Hah, my second topic within a few days of the other.

An opportunity cropped up where I am able to get my hands on a pair of Thiel CS2s for a good deal. I currently own a pair of Vandersteen 2ci's, and I've read that Thiels are similarly designed and sound similar to the Vandersteens. My main questions is, would it be wise to buy the Thiels and set them up as surrounds to accompany the Vandersteens? I am inclined to stick with one brand, but this deal is what is kind of pushing to one side.

Does anyone enough experience with both of these speakers to give some input?


----------



## Otto (May 18, 2006)

I believe that Thiel and Vandersteen have similarities in that they are both phase and time aligned. I have the Vandersteen 3A Sigs, along with the VCC-5 and the VSM-1s. I like the Vandersteen surround package.

I have some limited experience with one pair of Thiels -- a friend had some, but has since moved on. I found them to be a little brighter than the Vandersteens, but must admit that it's been a while.

I lived with a pair of Definitive Technology as rears for a year or so (paired with my Vandersteen front side setup). I didn't find that using different speakers was a horrible, since, in my opinion, there's enough distance between fronts and rears for it to be not that noticable (there's also not TONS of rear audio information). So, I believe that you can get away with mismatching rears and fronts, and I also believe that the disparity between my Vandersteens and my DTs was greater than a potential disparity between a pair of Vandersteens and Thiels.

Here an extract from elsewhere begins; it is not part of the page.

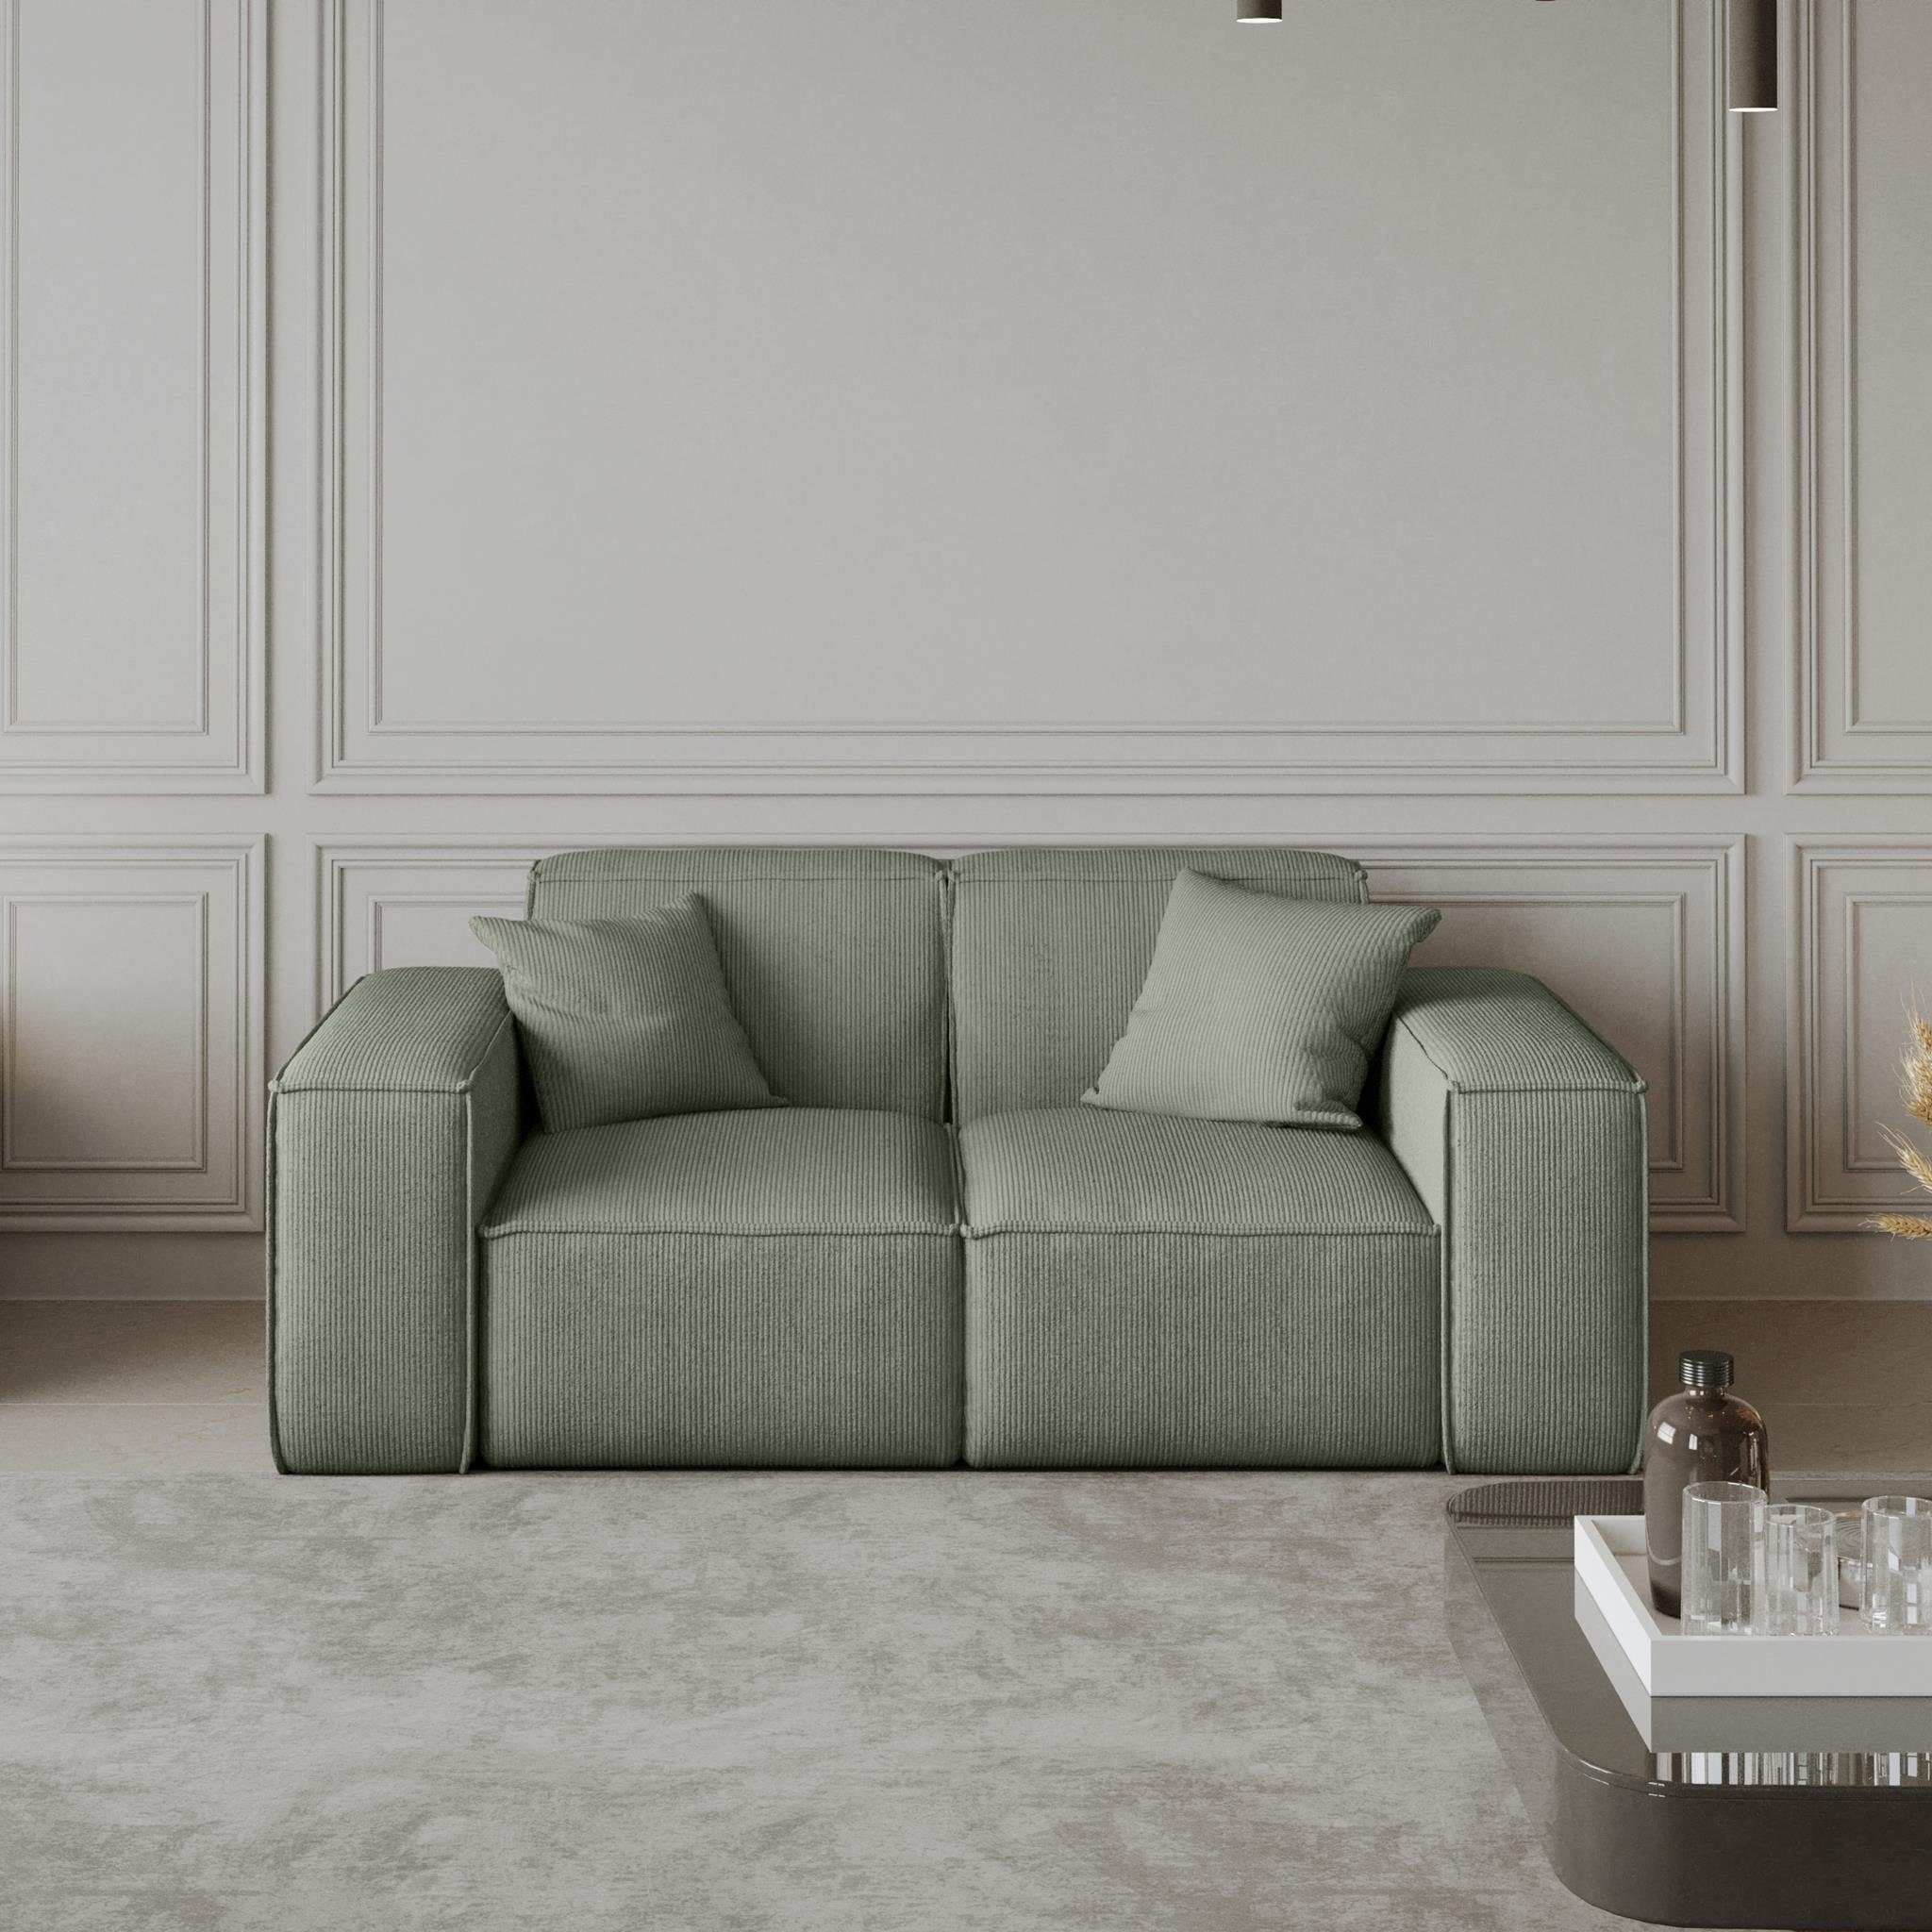 Beautysofa Sofa Lugano, 2-Sitzer Sofa Stil, modernes inlusive Breite Armlehnen Zweisitzer Velourstoff, aus mit Wellenfedern, Cordstoff oder im
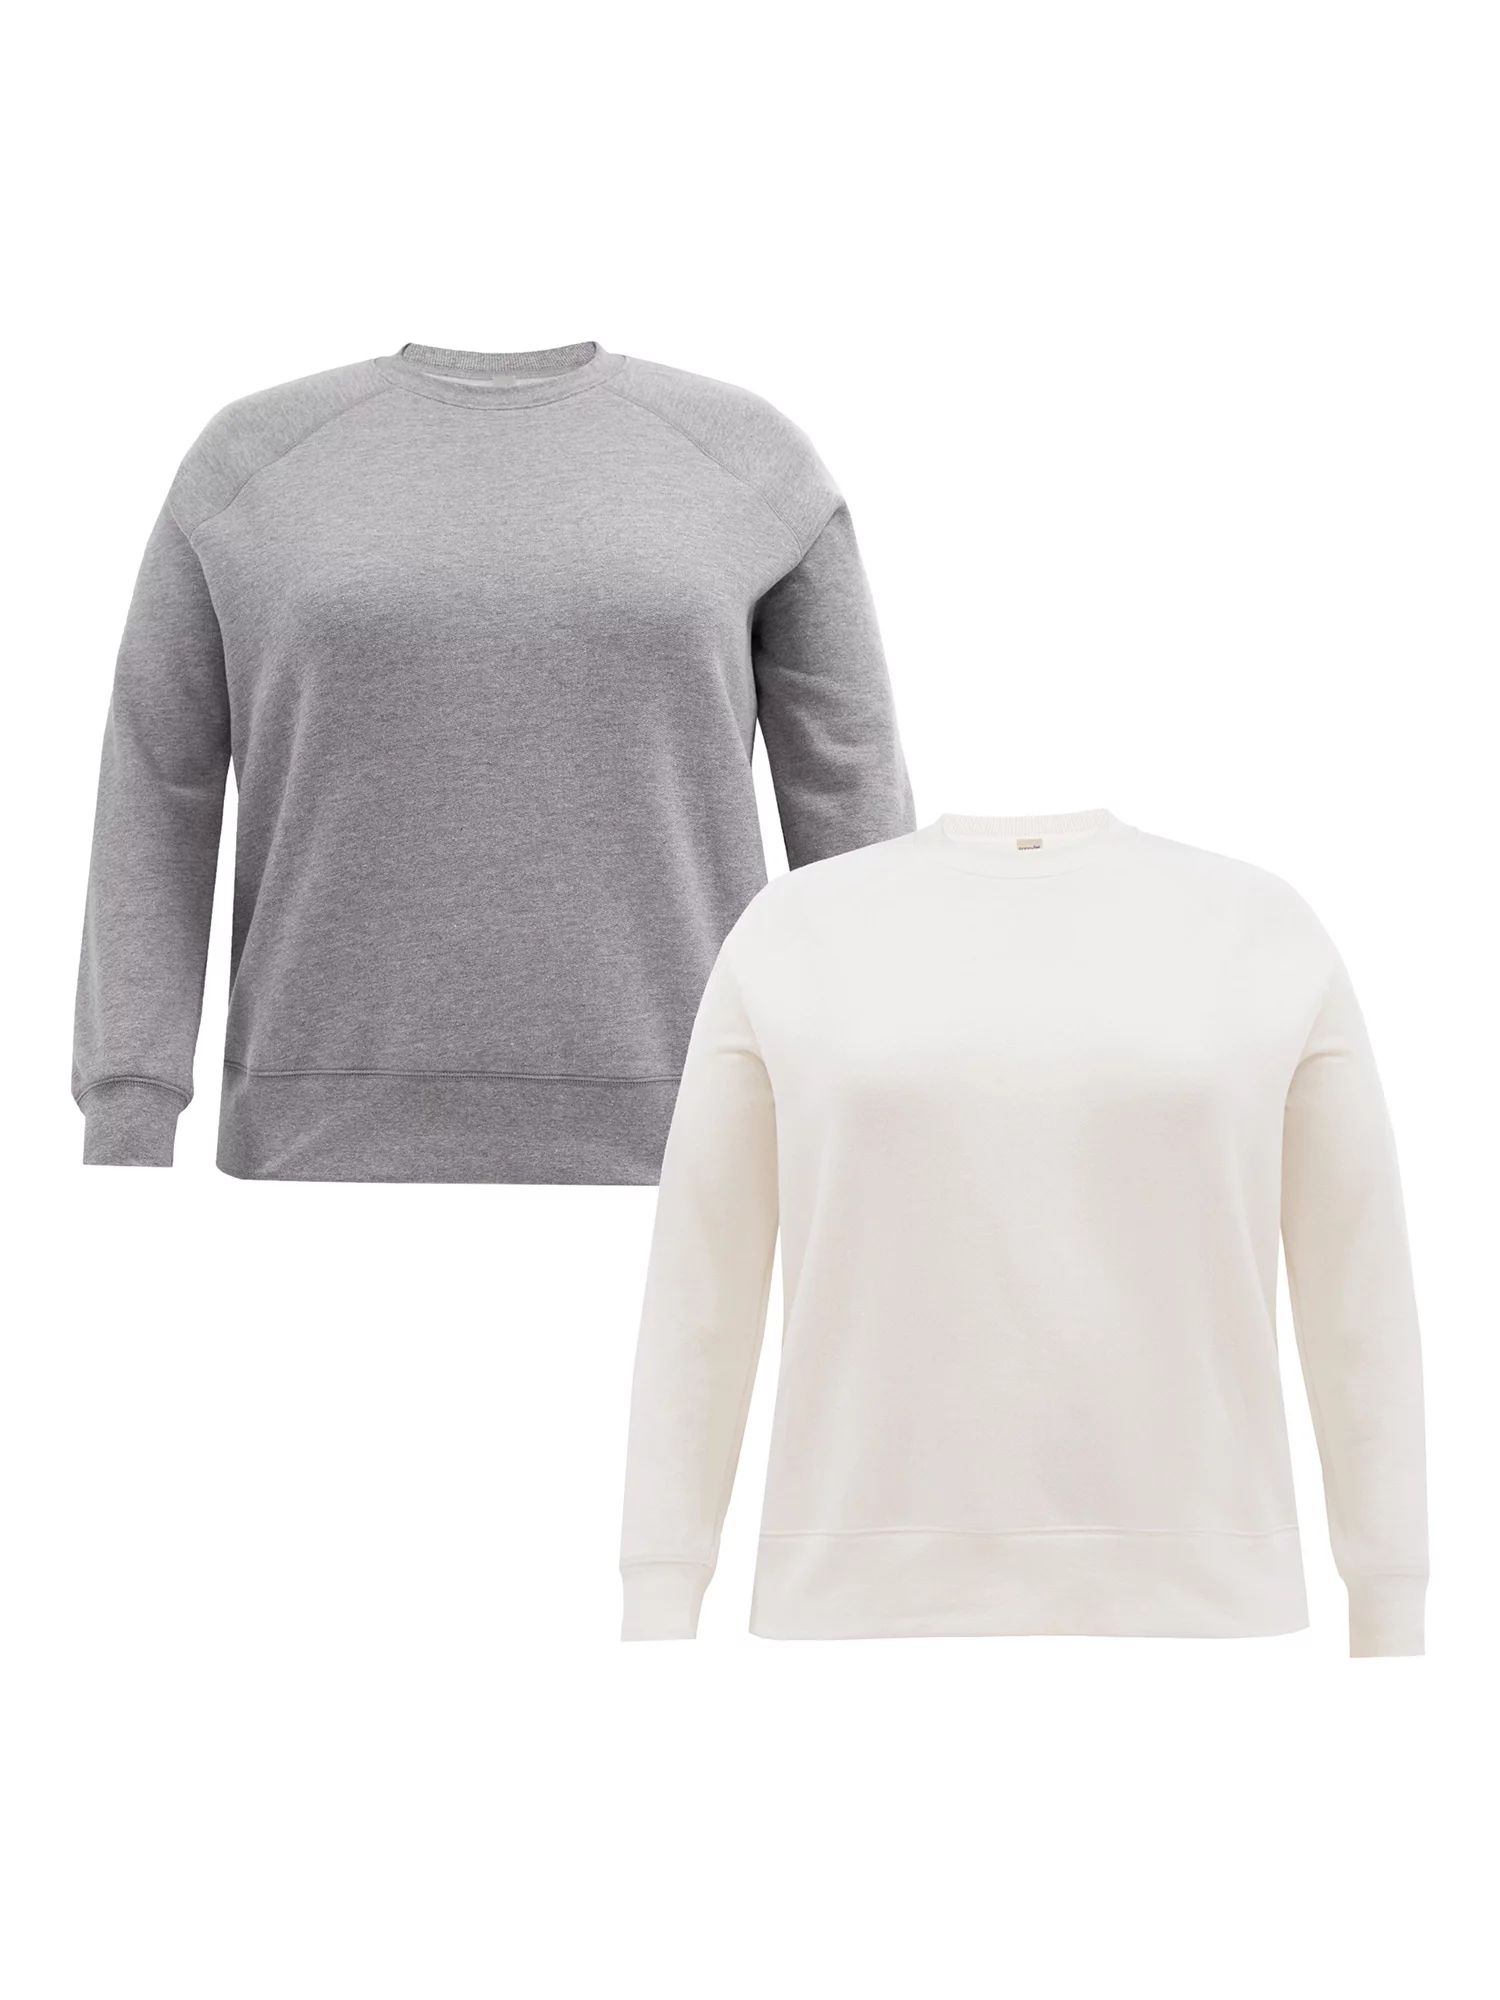 Terra & Sky Women's Plus Relaxed Fit Long Sleeve Fleece Sweatshirts, 2-Pack | Walmart (US)

So, ultimately, it'll be up to you. Personally, I would wait till a good deal comes up on Audiogon for a pair of VSM-1s to match your fronts.

Good luck either way!


----------



## lcaillo (May 2, 2006)

I think the CS2s are a fine speaker, and personally preferred them over the Vandys. I would not, however, mix them up. Try to find some speakers to match what you have, or start thinking about a complete matched set for surround sound.


----------



## superchad (Mar 7, 2008)

If it were me I would do budget surrounds and save the cash towards a matched pair, why spend real money on Thiel just to get it only half right? Many Thiel speakers are also hard to drive so think about that aswell, Many champion all matched speakers in multi channel but I bet 95% would flunk a blind test of reasonable thought out speakers no matter who makes them, I run VMPS for fronts and center and BW for all 4 surrounds and cant justify changing anything, if you knew me or my gear its easy to say I am the kind of guy who would spend the cash if needed.........but its not. I too have ised Def Tech speakers for non-critical surrounds, even used a center once and again it worked well.


----------